As we move forward, MILNET, the term, ought to not be taken as simply a system,” Meink said. “How we field that moving forward into the future is something that’s still under factor to consider, and we will take a look at the acquisition of that.”

An Air Force representative verified the requirements and architecture for MILNET are still in advancement, according to Air & & Space Forces Magazine. The representative included that the department is “investigating” how to scale MILNET into a “multi-vendor satellite communication architecture that avoids vendor lock.”

This does not sound all that various than the SDA’s existing technical method for information relay, however it moves more obligation to industrial business.

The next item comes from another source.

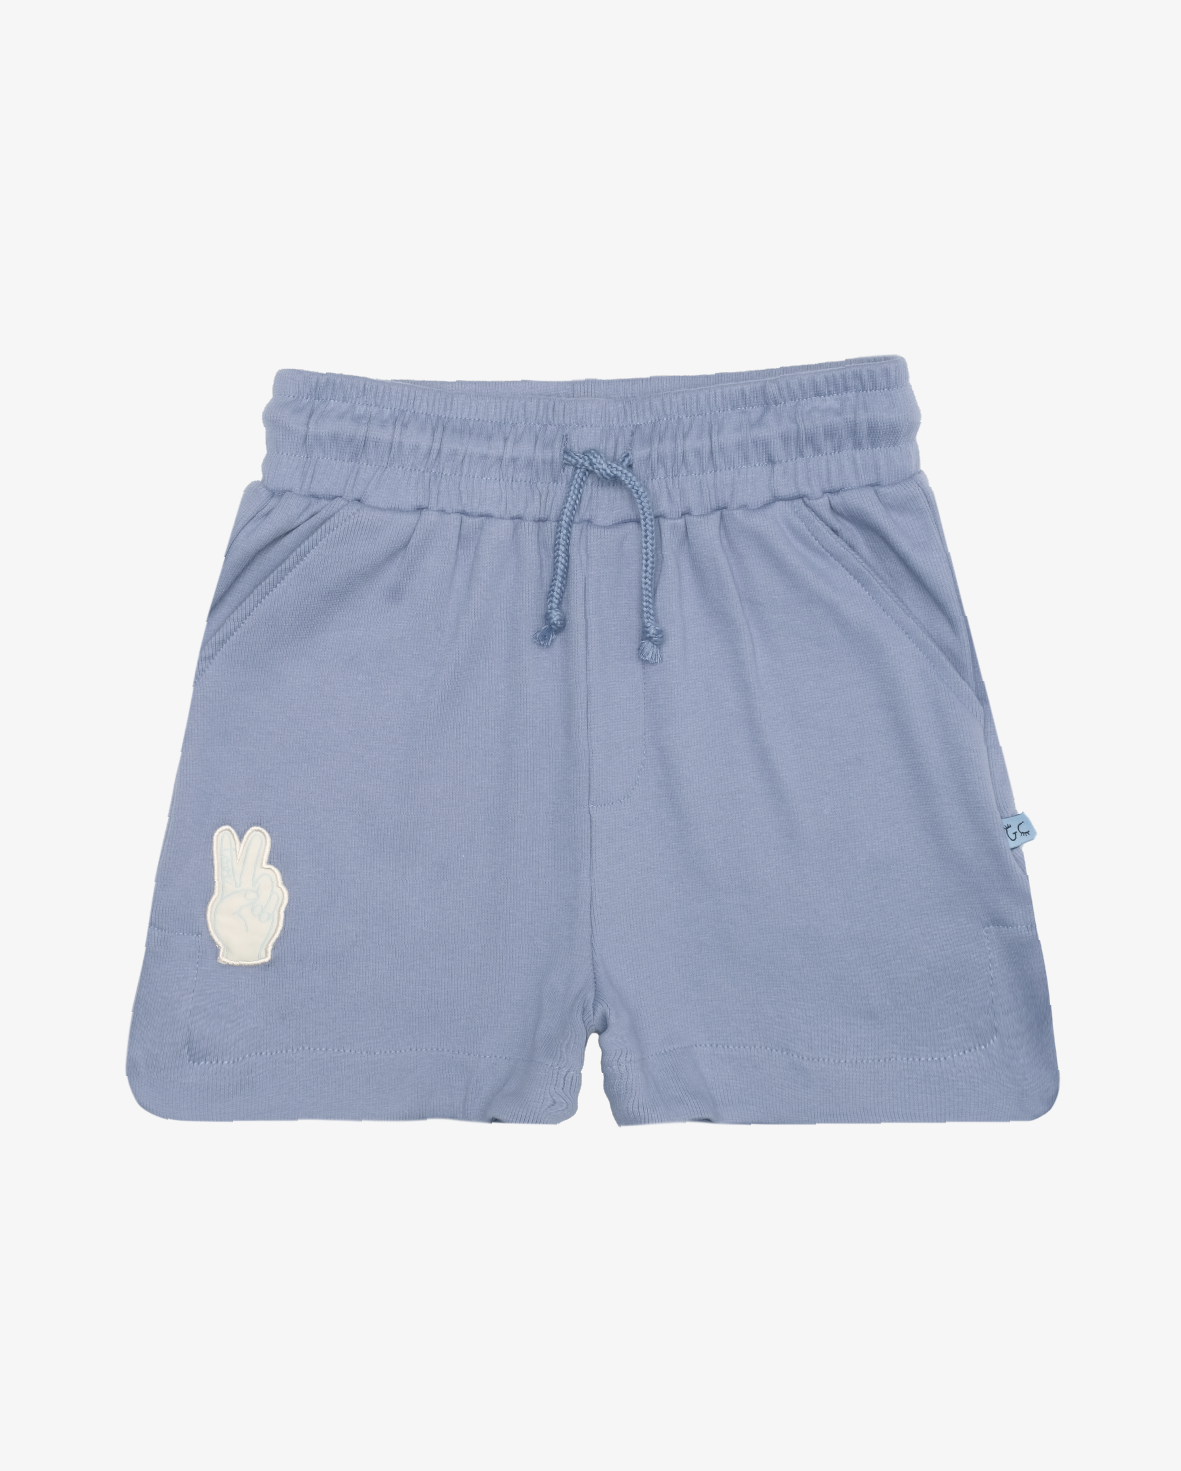 Simple Shorts - Blue Rib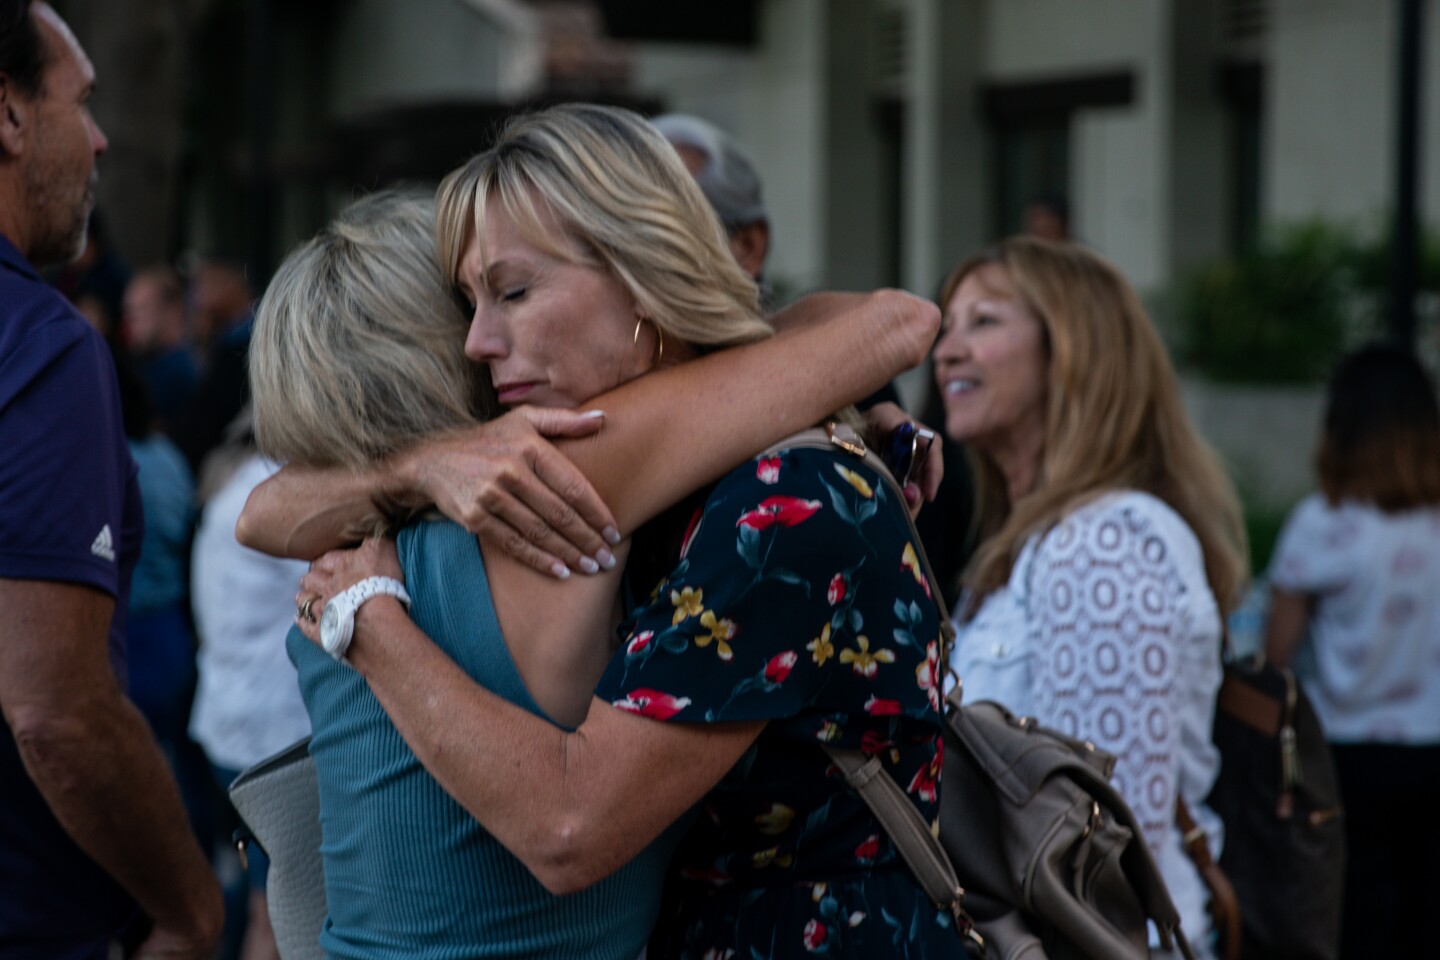 GILROY, CALIF. - JULY 29: Kelly Ramirez, of Gilroy gives a hug, after a candlelight vigil at Gilroy City Hall on Monday, July 29, 2019 in Gilroy, Calif. (Kent Nishimura / Los Angeles Times)

While there’s still a lot we do not understand, specialists with existing mega-constellations would appear to have a benefit in winning huge dollars under the Pentagon’s brand-new strategy.

There are other industrial low-Earth orbit constellations coming online, such as Amazon’s Project Kuiper broadband network, that might play a part in MILNET. If the Space Force is looking for a turnkey industrial service, Starlink and Starshield are the only alternatives readily available today, putting SpaceX in a strong position for a huge windfall.

Stephen Clark is an area press reporter at Ars Technica, covering personal area business and the world’s area companies. Stephen blogs about the nexus of innovation, science, policy, and organization on and off the world.

82 Comments

  1. Listing image for first story in Most Read: Astronomers may have found a third interstellar object

Learn more

As an Amazon Associate I earn from qualifying purchases.